We integrated all our data in a companywide data lake, and we built what we call a business process platform, which provides software and analytics components that teams use to enable innovation in areas ranging from Xbox manufacturing to managing advertising spend. We also invested in training programs for nontechnical employees, cultivating data-centric and machine-learning capabilities throughout the organization.
The most successful companies among the 150 in our study have deployed an entirely different type of operating architecture, centered on integrated data assets and software libraries and designed to deploy AI at scale across a huge, distributed spectrum of applications. Its hallmarks are a core of experts; broadly accessible, easy-to-use tools; and investment in training and capability-building among large groups of businesspeople. These companies are approaching the capacity of digital natives such as Airbnb and Uber, which were purpose-built to scale companywide analytics and software-based innovation. Airbnb and Uber are certainly not perfect, but they come close to the native ideal.
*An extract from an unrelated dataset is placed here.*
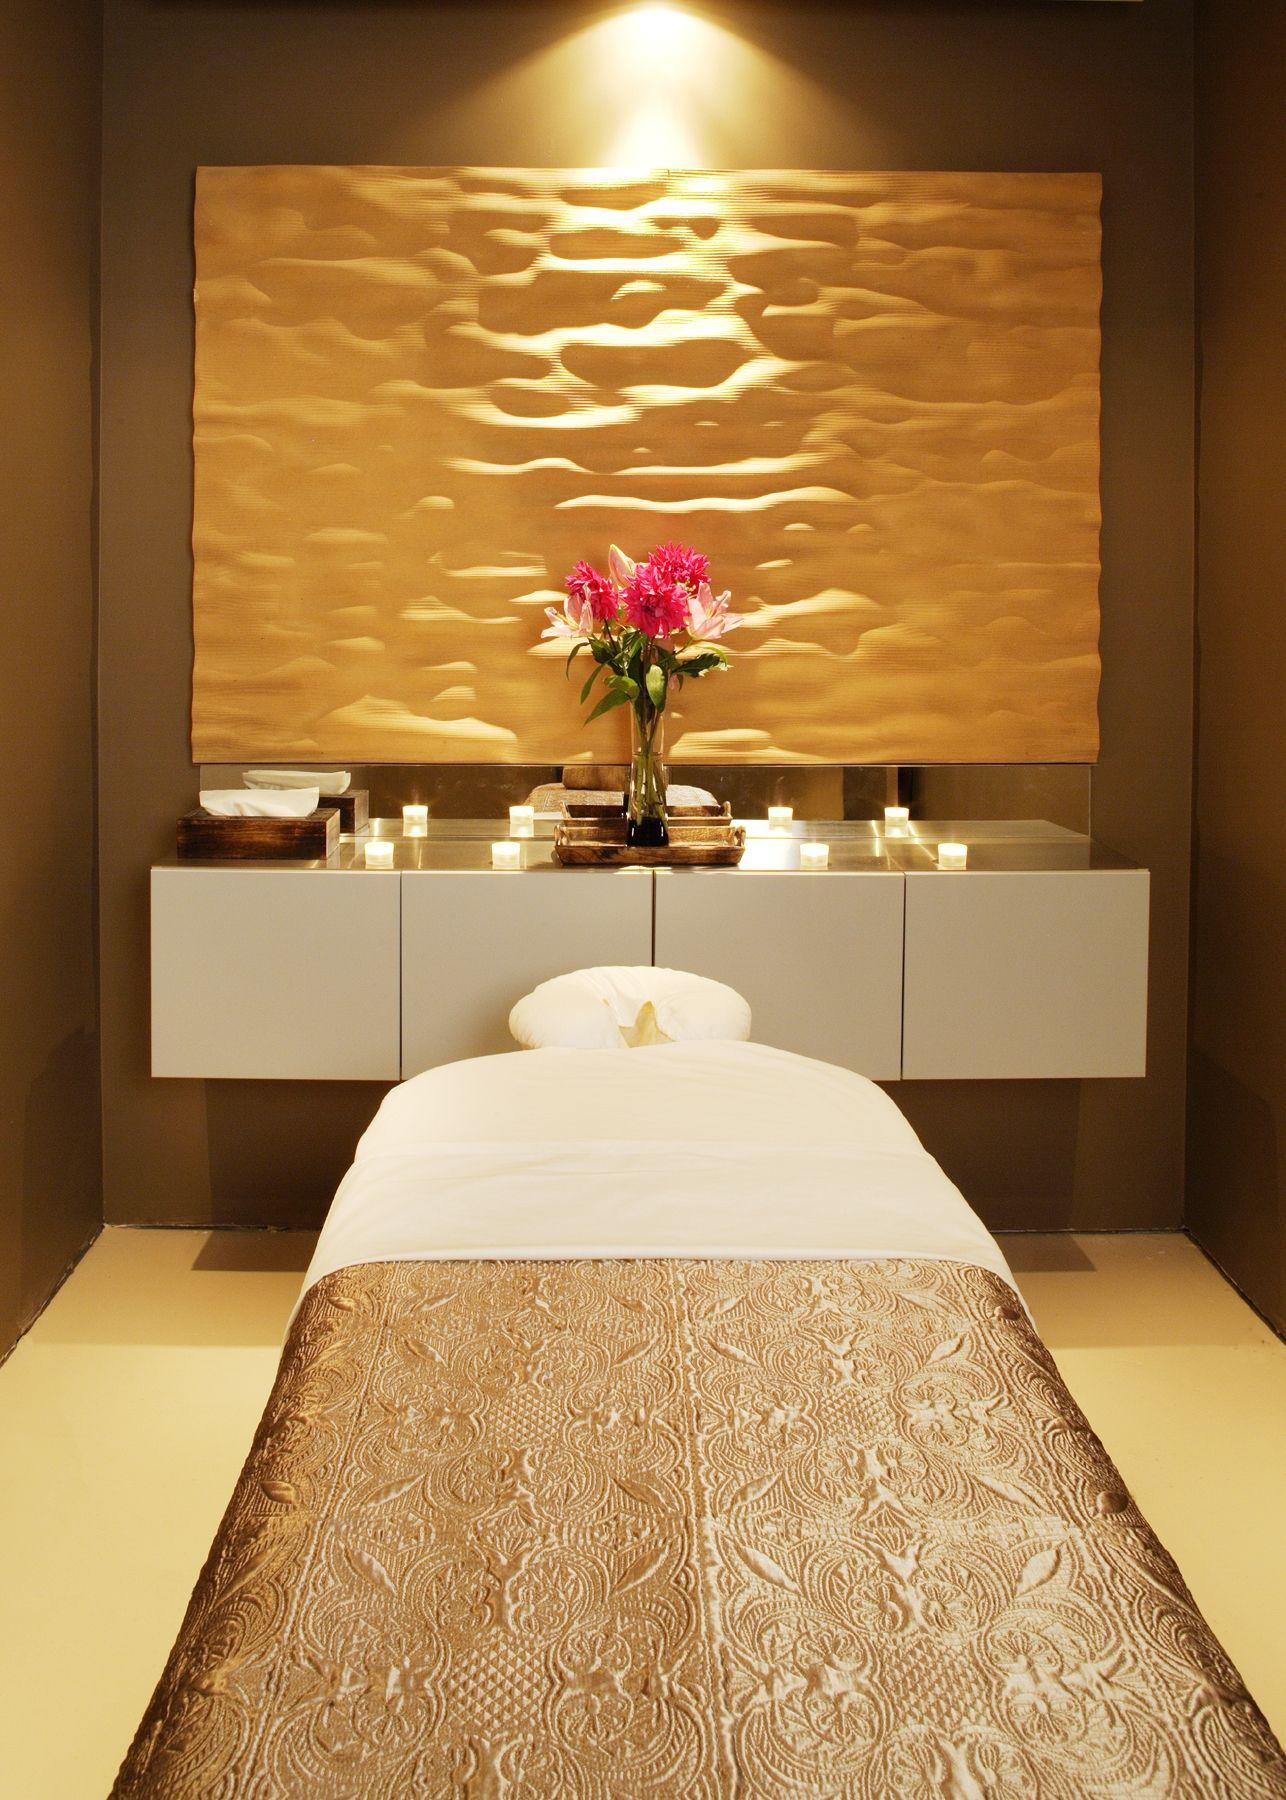 hammam spa toronto 2012 spawards winner local spas pinterest spa toronto and salons. Black Bedroom Furniture Sets. Home Design Ideas

At Microsoft, we still have a lot to learn, but in some parts of the organization we are starting to approach the native model. As is common in any enterprise, the progress has not been uniform. Different groups have achieved different levels of capability, but the results overall are encouraging, as we see increasingly innovative solutions to internal and customer-facing problems. Most critically, our companywide approach to understanding, protecting, and working with data has progressed by light years.
The Imperative for Leaders
The mandate for digital transformation creates a leadership imperative: Embrace transformation, and work to sustain it. Articulate a clear strategy and communicate it relentlessly. Establish an organizational architecture to evolve into as you make the myriad daily decisions that define your technology strategy. Deploy a real governance process to track the many technology projects underway, and coordinate and integrate them whenever possible. Champion agility in all business initiatives you touch and influence. And finally, break free of tradition. Train and coach your employees to understand the potential of technology and data, and release the innovators within your workforce.
This mandate extends to technology providers. Despite much investment, technologies are still too complex and are often too hard to use and deploy. We need tools and technology that make driving transformation intuitive for frontline workers while keeping data secure. Let’s not forget that until recently many of us were relying on specialists in Fortran and Cobol to model business problems and even to perform basic mathematical operations. Spreadsheets brought about a revolution in mathematical modeling; we need technology providers to bring the same revolution to AI and make using a machine-learning application as easy as creating a pivot table.
Momentum is growing. But we must sustain the efforts to ensure that companies of all stripes make it across the digital divide.